→ **What to work on**
Only the pictures should be left out; write out all other data exactly.

→ **Data segment**
━━━━━━━━━━━━━━━━
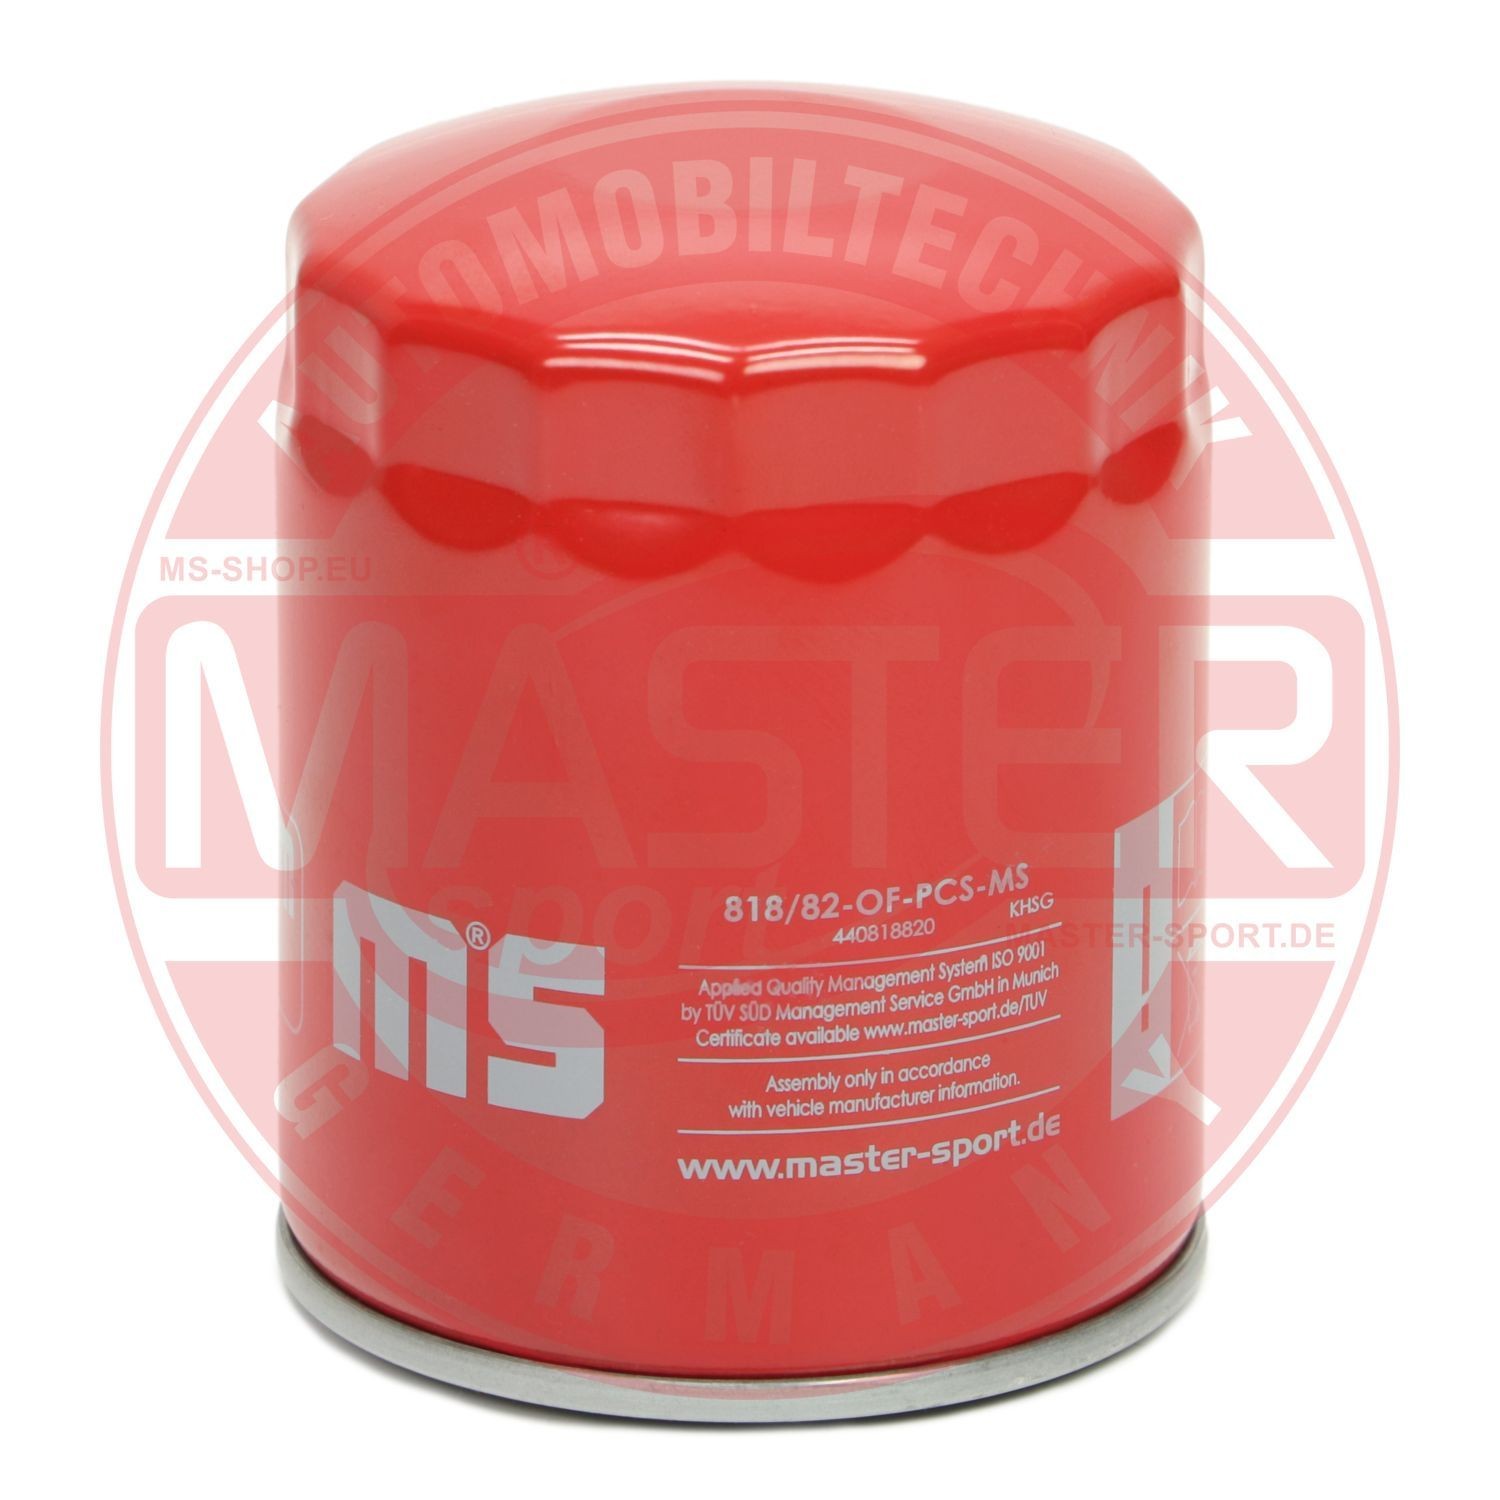 440818820 MASTER-SPORT 818/82-OF-PCS-MS Oil filter 1961451
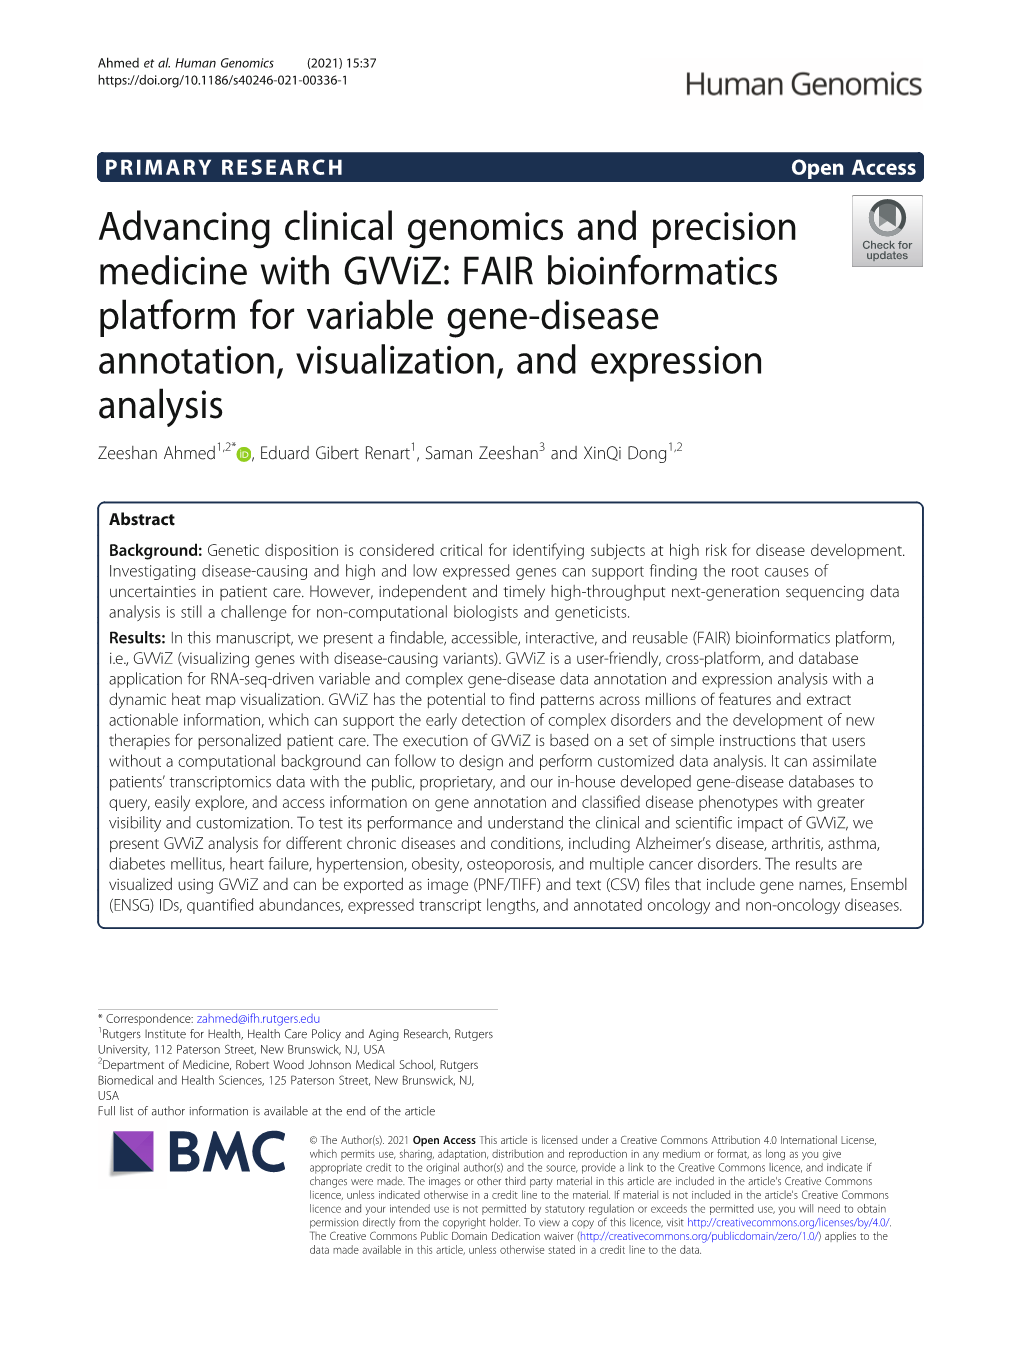 Advancing Clinical Genomics and Precision
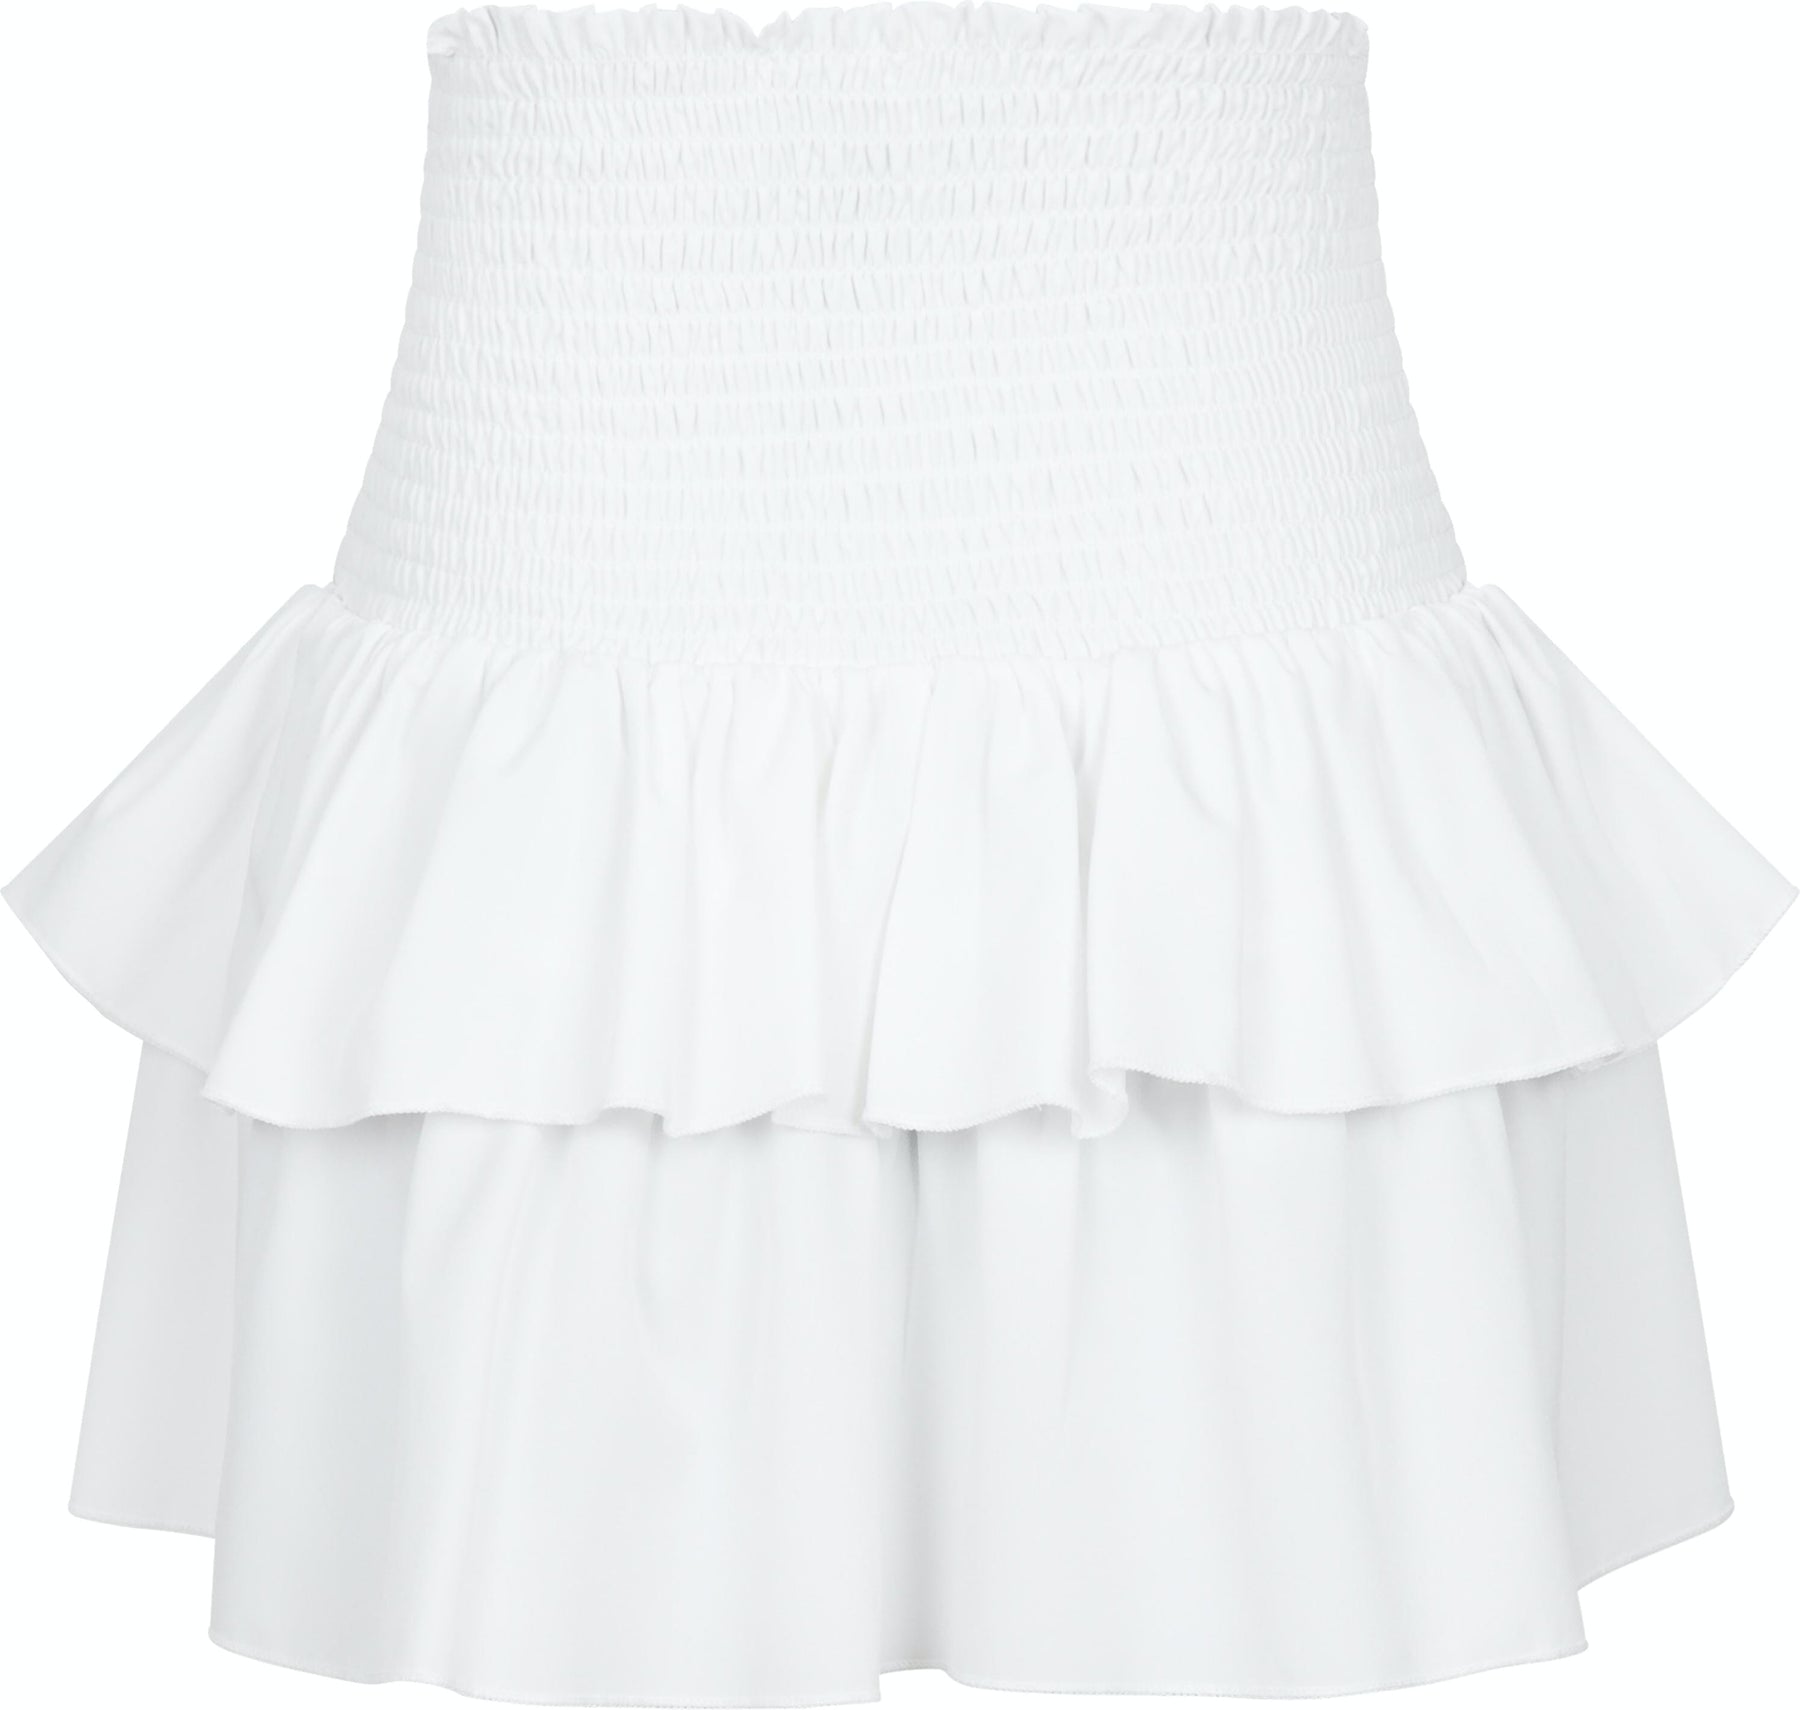 Neo | Carin R Skirt - White » Shop hos Molly&My
━━━━━━━━━━━━━━━━
→ **Task answer**
 440818820 MASTER-SPORT 818/82-OF-PCS-MS Oil filter 1961451
 Advancing Clinical Genomics and Precision
 Neo | Carin R Skirt - White » Shop hos Molly&My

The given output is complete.